Exercise requirements:
Could you print all of the data below again, exactly?

Data block:
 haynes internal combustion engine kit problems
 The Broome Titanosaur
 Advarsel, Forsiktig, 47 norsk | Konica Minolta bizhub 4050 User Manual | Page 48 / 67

Answer for the task:
 haynes internal combustion engine kit problems
 The Broome Titanosaur
 Advarsel, Forsiktig, 47 norsk | Konica Minolta bizhub 4050 User Manual | Page 48 / 67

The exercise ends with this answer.